Work instruction -
Among the entries that follow, the required portion opens with the line containing "Cura Lounge Chair, dunkelblau" and closes with the line containing "广东省水利厅关于水利工程建设安全生产监督的管理办法(暂行)附表(1725)号". Give that portion again exactly, and nothing else.

Data shown -
# # #

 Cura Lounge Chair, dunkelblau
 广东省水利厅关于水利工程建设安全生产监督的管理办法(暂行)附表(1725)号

# # #

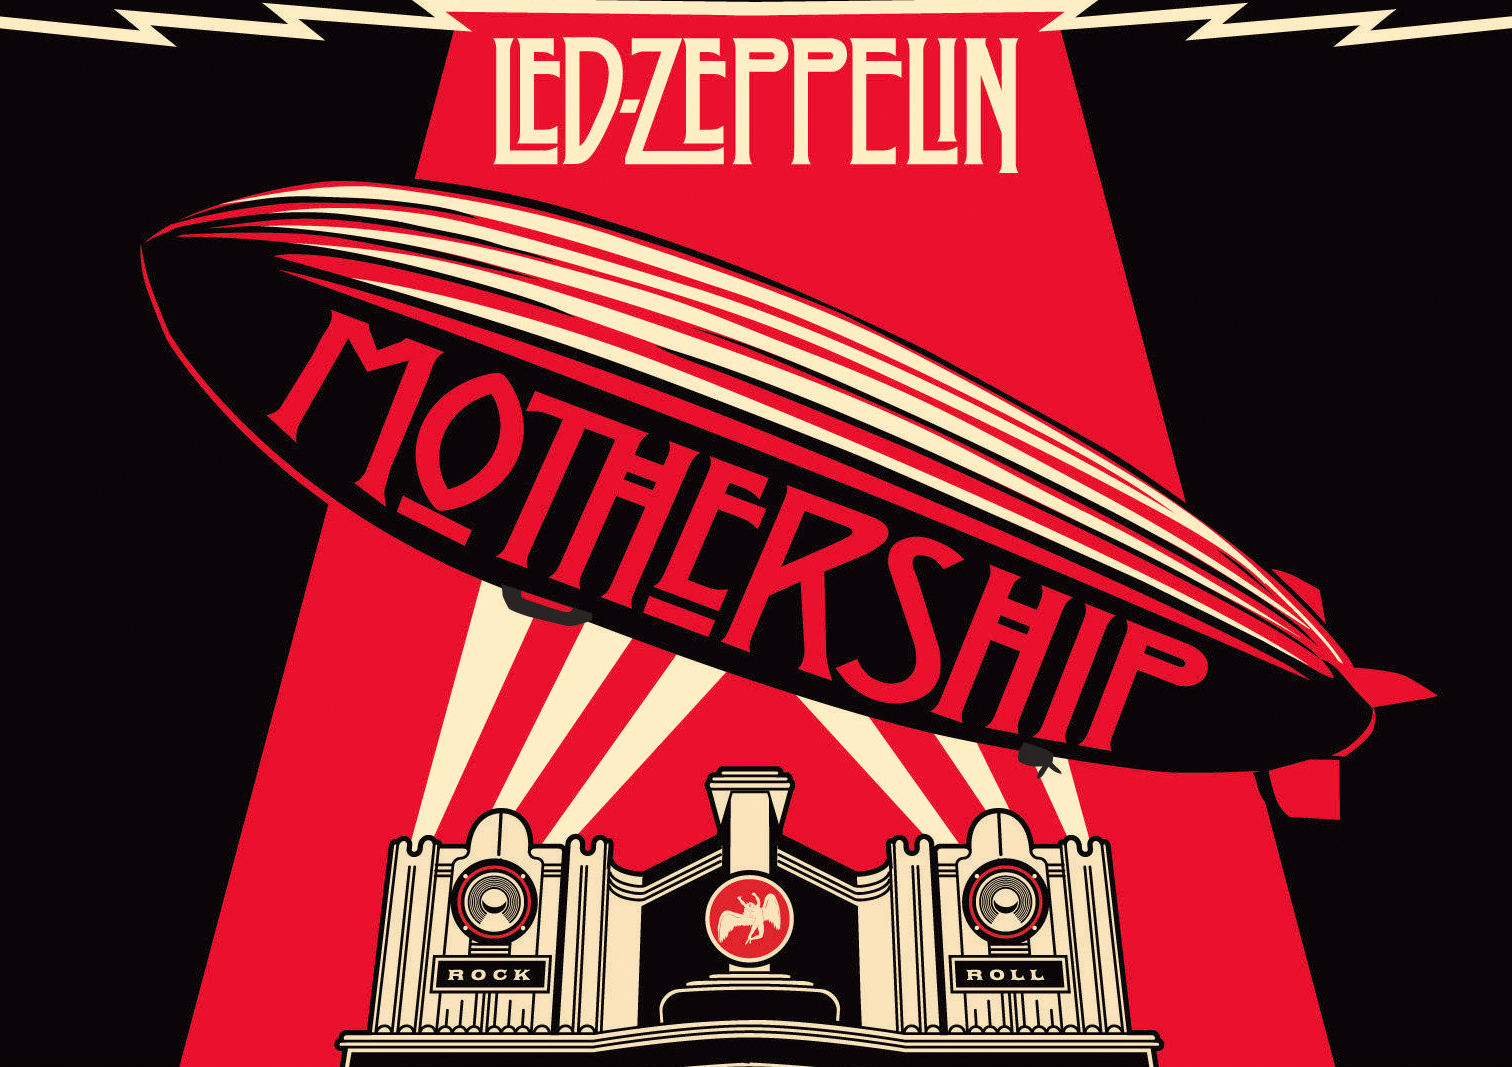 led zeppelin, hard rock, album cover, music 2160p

# # #

Your solution -
 Cura Lounge Chair, dunkelblau
 广东省水利厅关于水利工程建设安全生产监督的管理办法(暂行)附表(1725)号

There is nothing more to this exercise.